My car has very few identifiable marks. There are no bumper stickers, no license plate frames, and certainly no vanity license to give even a hint of who the car might belong to. Maybe it’s a part of my desire to exude mystery and intrigue. Maybe I’m just lazy and cheap. Regardless of the reason my car is free from the adornment featured on many vehicles nowadays.
My musings on cars, and the lack of flashiness that mine possessed, occurred to me as I was spending another morning driving down the Orange County freeway. I’m not sure when cars become a canvas for furthering our personal expression but somewhere along the way they did. You can find out a lot about a person by reading their car. Often times you’ll learn a person’s political believes, favorite bands, religious adherence, sport team’s allegiance and even sometimes their brand choice for personal computers. An object that was intended to get us from Point A to Point B is now another opportunity to achieve status in the minds of the world. With it, we convey the groups that we belong to, espouse our personal philosophies and challenge others to disagree. It’s just another way that we advance our agenda. Even “Christian” bumper stickers are usually us-focused. They rarely convey the grace and justice of God. Instead, they are almost singularly about our religious experience.

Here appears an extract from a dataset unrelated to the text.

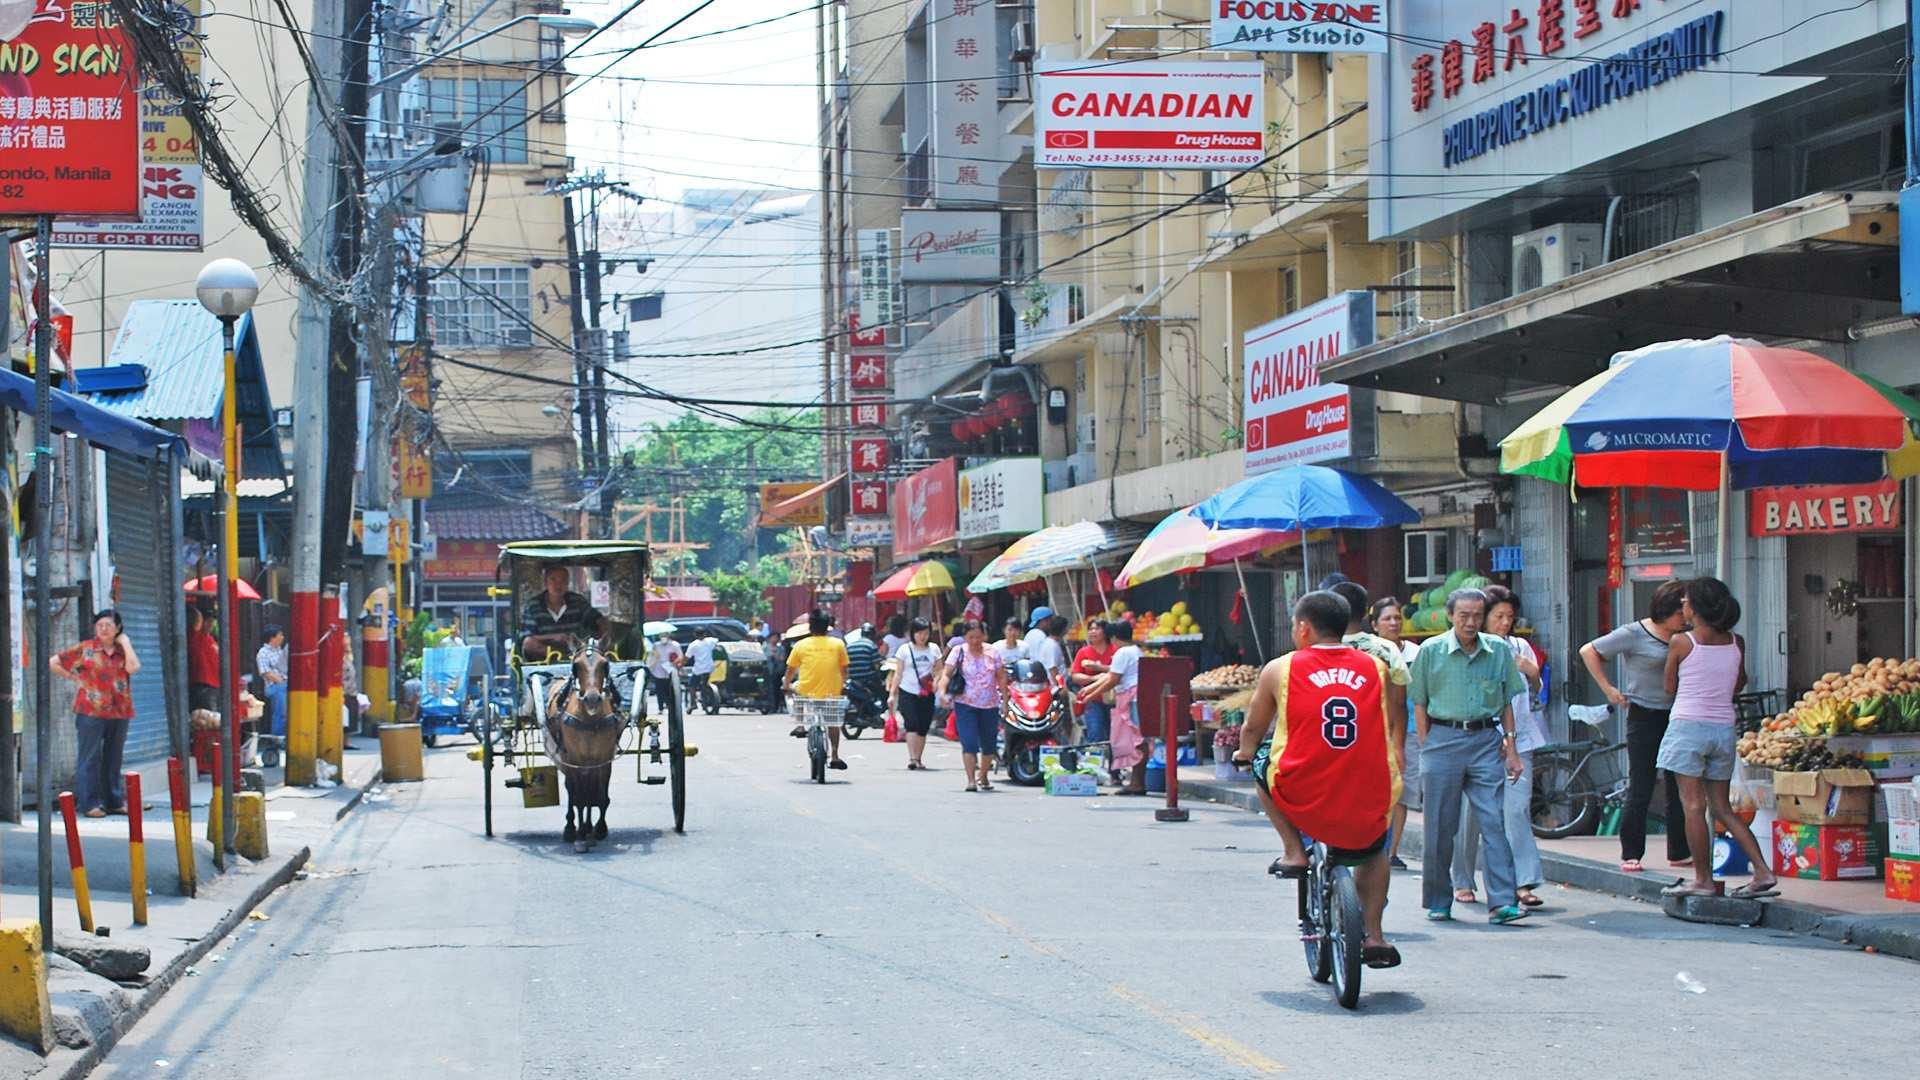 【菲律賓美食巡禮】馬尼拉中國城小吃步行導覽

It’s interesting to me that we use our cars to convey membership in a certain club, to express commitments to certain belief, but we rarely use our time to build relationships that could do the same. It’s almost like we want the car to speak for us, which of course it was never meant to do. It might convey status but it can never show love. It may identify membership but it can never illuminate grace. It may preach philosophies but it can never be a messenger of good news.
Using our cars as a status symbol, as way to further demonstrate our commitment to God is a good thing, but let us be wary less it become a substitution for the real thing.